Metadata-Version: 2.4
Name: analytics-query-analyzer
Version: 0.3.0
Summary: Analytics Query Analyzer
License: MIT
Classifier: License :: OSI Approved :: MIT License
Requires-Python: >=3.11
Description-Content-Type: text/markdown
License-File: LICENSE
Requires-Dist: sqlglot>=28
Provides-Extra: bigquery
Requires-Dist: google-cloud-bigquery; extra == "bigquery"
Provides-Extra: redshift
Requires-Dist: redshift-connector; extra == "redshift"
Dynamic: license-file

# analytics-query-analyzer

Analyze analytics SQL to extract referenced tables/columns and time bounds.

## Support

BigQuery and Redshift are currently supported.

## Install

Base install:

```bash
pip install analytics-query-analyzer
```

BigQuery extras (only needed for `build_schema`):

```bash
pip install analytics-query-analyzer[bigquery]
```

Redshift extras (only needed for `build_schema`):

```bash
pip install analytics-query-analyzer[redshift]
```

## Usage

### analyze

Extract table/column references from a query.

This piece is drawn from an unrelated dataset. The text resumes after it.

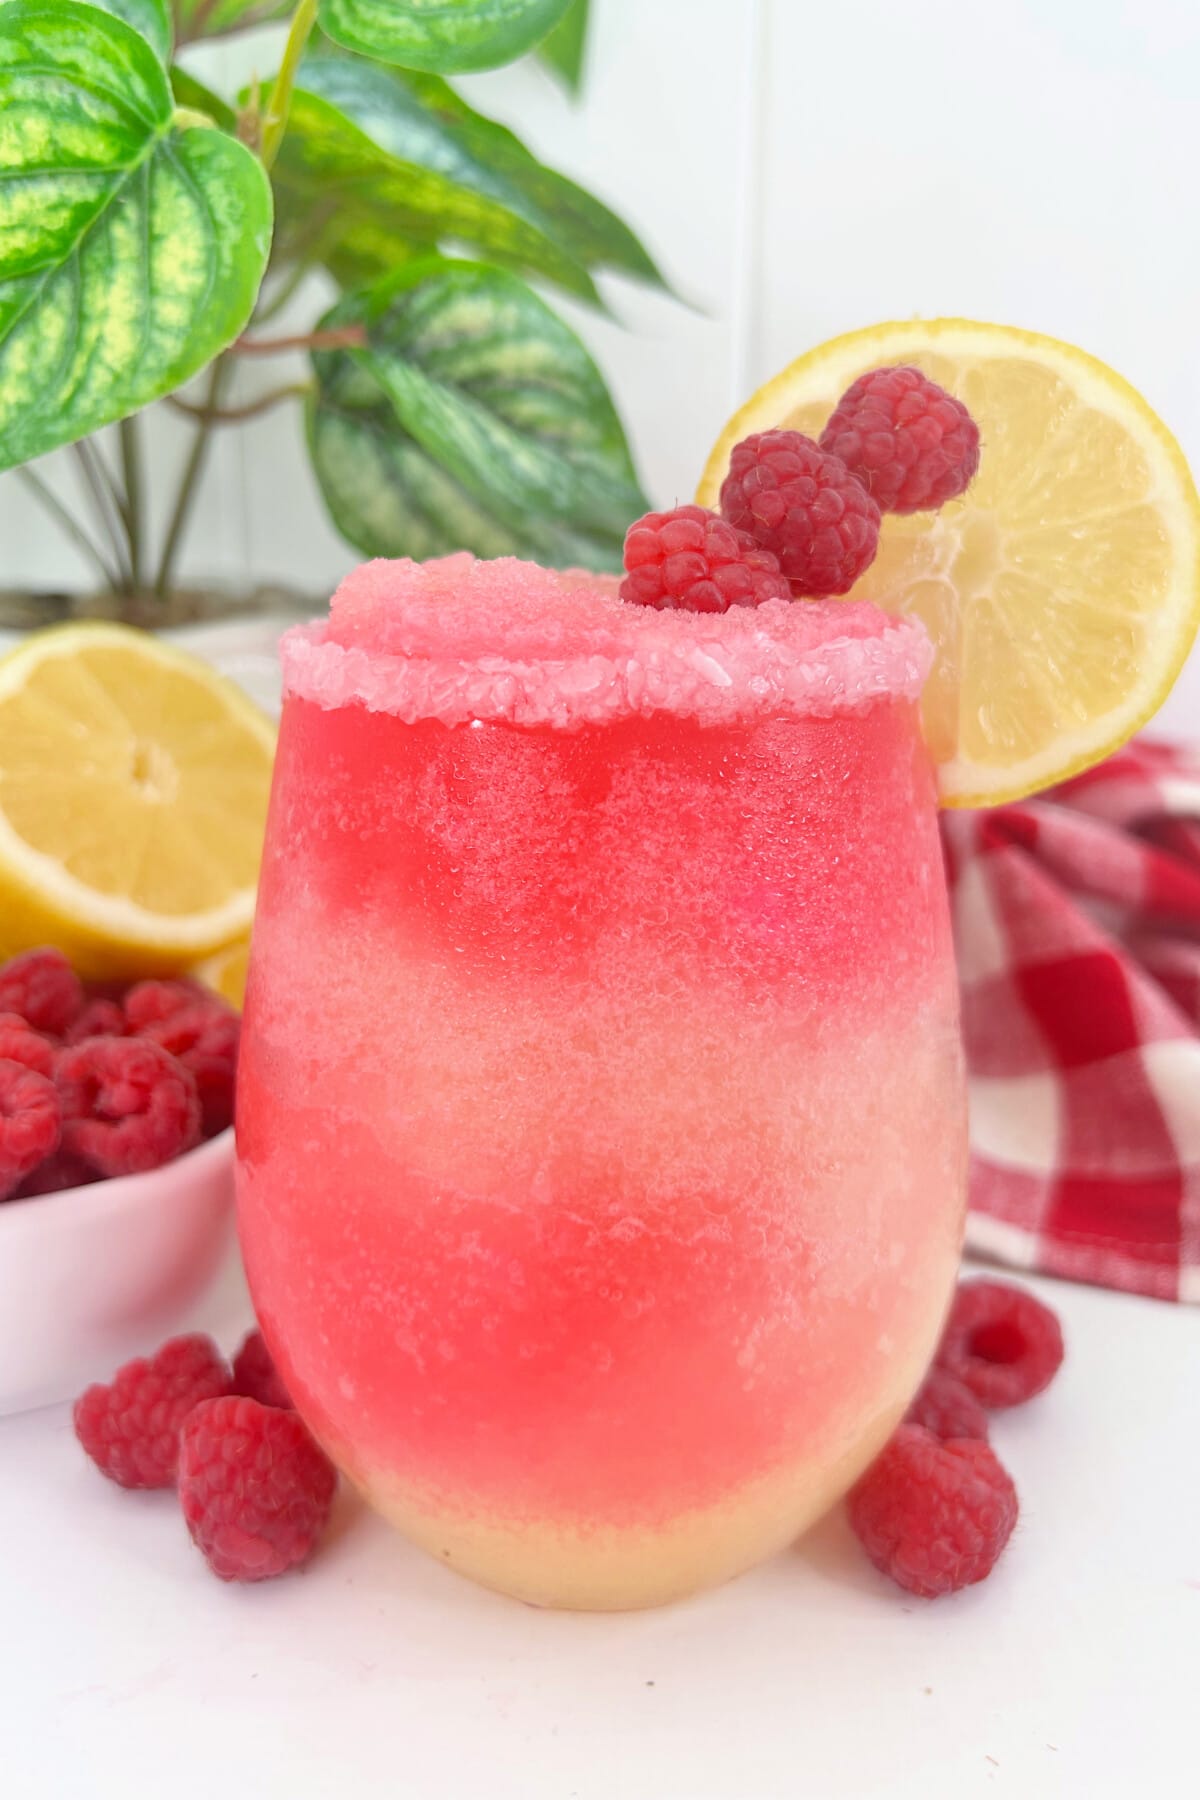 Raspberry Lemonade Cocktail topped with fresh fruit.

Schema format follows sqlglot conventions, with nested fields represented as nested dicts.

```python
from analytics_query_analyzer import analyze
from sqlglot import dialects

schema = {
    "production": {
        "shop": {
            "orders": {
                "id": "int64",
                "ordered_at": "datetime",
                "user_id": "int64",
                "payment": {
                    "amount": "int64",
                    "method": "string",
                },
            },
        },
    },
}

sql = """
select
    id,
    user_id,
    payment.amount
from
    shop.orders
"""

references = analyze(dialects.BigQuery, sql, schema, "production")
print(references)
# {"production.shop.orders": {"id", "user_id", "payment.amount"}}
```

### analyze_timespan

Extract time bounds from filters.

```python
from analytics_query_analyzer import analyze_timespan
from sqlglot import dialects

schema = {
    "production": {
        "shop": {
            "orders": {
                "id": "int64",
                "ordered_at": "datetime",
                "user_id": "int64",
            },
        },
    },
}

sql = """
select
    *
from
    shop.orders
where
    ordered_at >= "2025-01-01"
    and ordered_at < "2026-01-01"
"""

timespans = analyze_timespan(dialects.BigQuery, sql, schema, "production")
print(timespans)
# {
#   "production.shop.orders.ordered_at": {
#     "lower": "2025-01-01",
#     "upper": "2026-01-01"
#   }
# }
```

To make `current_date()` deterministic, pass a provider:

```python
timespans = analyze_timespan(
    dialects.BigQuery,
    "select * from shop.orders where ordered_at >= current_date()",
    schema,
    "production",
    current_date_provider=lambda: "2026-01-01",
)
```

### build_schema

Fetch a schema dictionary from BigQuery or Redshift.

```python
from analytics_query_analyzer import build_schema
from sqlglot import dialects

schema = build_schema(dialects.BigQuery, "my_project", "my_schema", "my_table")
print(schema)
```

- Authentication uses Application Default Credentials (ADC).
- When `table` is omitted, it scans all tables in the dataset.
- When both `dataset` and `table` are omitted, it scans all datasets in the project.
- The returned `schema` can be passed directly to `analyze` and `analyze_timespan`.

Fetching from Redshift is also supported:

```python
from analytics_query_analyzer import build_schema
from sqlglot import dialects

schema = build_schema(dialects.Redshift, "my_database", "public", "orders")
print(schema)
```

Redshift authentication supports two modes:

- Set `REDSHIFT_HOST`, `REDSHIFT_USER`, and `REDSHIFT_PASSWORD` (optional `REDSHIFT_PORT`).
- Set `REDSHIFT_CLUSTER_IDENTIFIER`, `REDSHIFT_REGION`, and `REDSHIFT_DB_USER` to use IAM (you can also set `REDSHIFT_HOST`/`REDSHIFT_PORT`).
- Use `AWS_PROFILE` if you want to select a non-default AWS profile.